Reports on the numbers of civilian casualties have varied, but according to The New York Times, residents said as many as 200 civilians had been killed. Civil Defense chief Brigadier Mohammed Al-Jawari told reporters on Thursday that rescue teams had recovered 40 bodies from collapsed buildings.
Residents escaping besieged western Mosul have told of Iraqi and U.S.-led coalition airstrikes demolishing buildings and killing civilians in several cases.
The insurgents have also used civilians as human shields and opened fire on them as they try to escape ISIS-held neighborhoods, fleeing residents said.
"The recent high death toll among civilians inside the Old City forced us to halt operations to review our plans," a federal police spokesman said on Saturday. "It's a time for weighing new offensive plans and tactics. No combat operations are to go on."
The U.S.-backed offensive to drive ISIS out of Mosul, now in its sixth month, has recaptured the entire eastern side of Mosul and about half of the west.
But advances have stuttered in the last two weeks as fighting enters the narrow alleys of the Old City, home to the al-Nuri mosque where ISIS leader Abu Bakr al-Baghdadi declared a caliphate spanning large areas of Iraq and Syria in 2014.
"We need to make sure that taking out Daesh (ISIS) from the Old City will not cost unwanted high casualties among civilians. We need surgical accurate operations to target terrorists without causing collateral damage among residents," the federal police spokesman said.
An army statement published in the al-Sabah state newspaper said that future operations would be carried out by ground troops highly trained for urban combat.
"Our heroic forces are committed to the rules of engagement which ensure protection of civilians" the statement said.
A U.S. deputy commanding general for the coalition told Reuters on Friday that the solution could lie in a change of tactics. The Iraqi military is assessing opening up another front and isolating the Old City, where the militants have put up fierce resistance, U.S. Army Brigadier General John Richardson said.

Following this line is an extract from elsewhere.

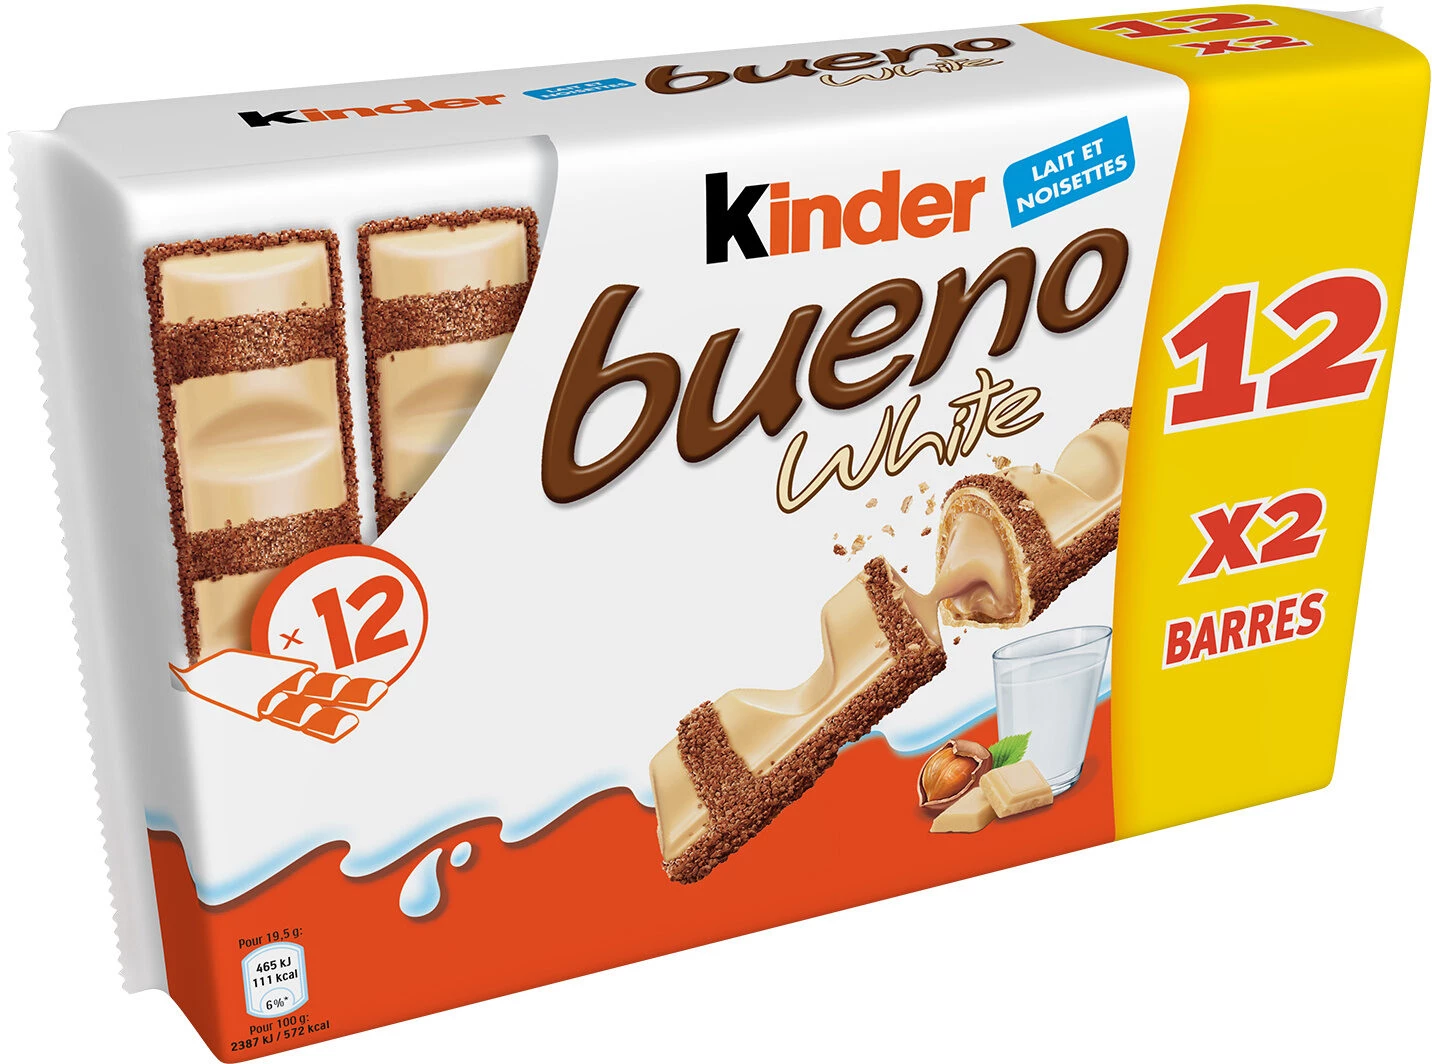 White chocolate candy bars 468g - KINDER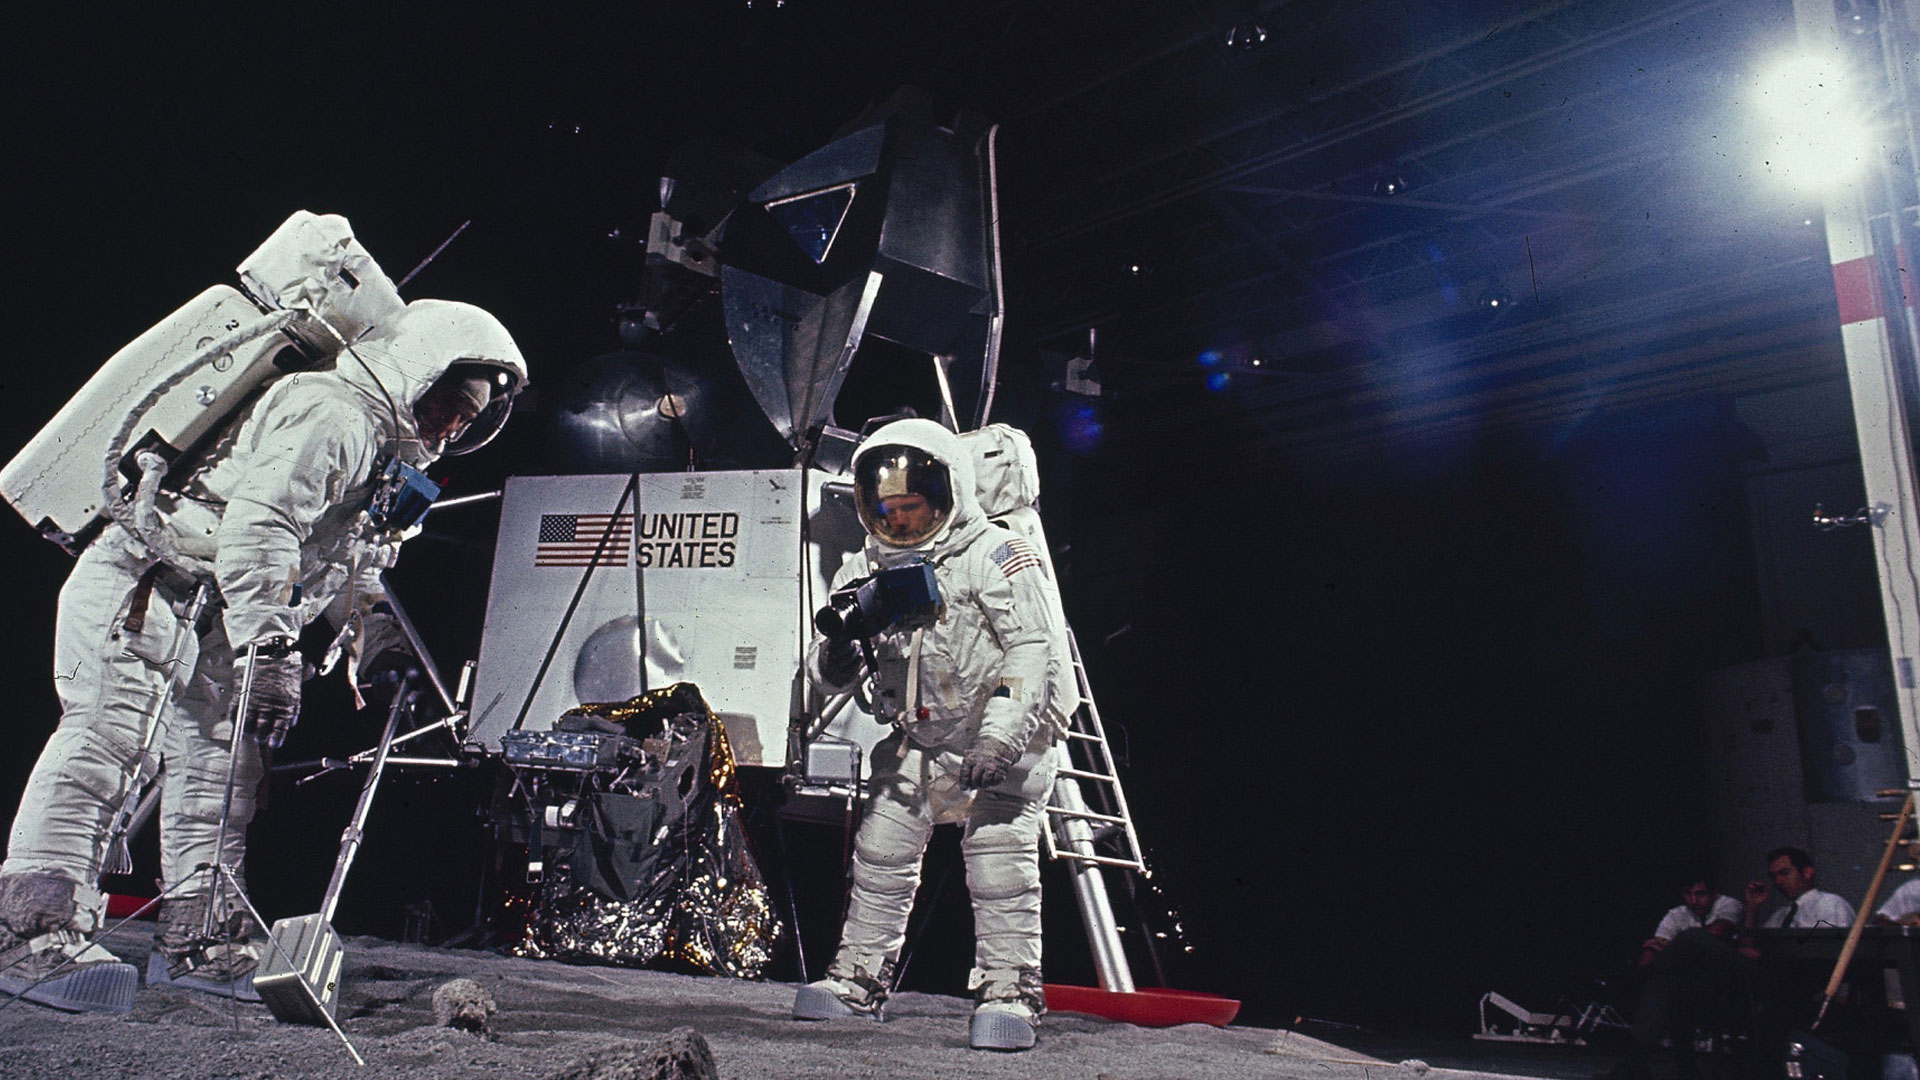 Страны достигшие луны. Аполлон 11 1969. Американцы на Луне 1969. Астронавты на Луне.

Fleeing residents have described grim living conditions inside the city, saying there was no running water or electricity and no food coming in. Aid agencies say as many as 600,000 civilians remain in the western half of Mosul.
But families are streaming out of the northern city, Iraq's second largest, in their thousands each day, headed for cold, crowded camps or to stay with relatives. Hunger and fighting are making life unbearable inside.
The Iraqi Observatory for Human Rights said that since the campaign on western Mosul began on Feb. 19, unconfirmed reports said nearly 700 civilians had been killed by government and coalition air strikes or ISIS actions.
The militants have used car bombs, snipers and mortar fire to counter the offensive. They have also stationed themselves in homes belonging to Mosul residents to fire at Iraqi troops, often drawing air or artillery strikes that have killed civilians.
The United Nations’ Grande said civilians were at extreme risk as the fighting in Mosul intensified and all sides must to do their utmost to avoid such casualties.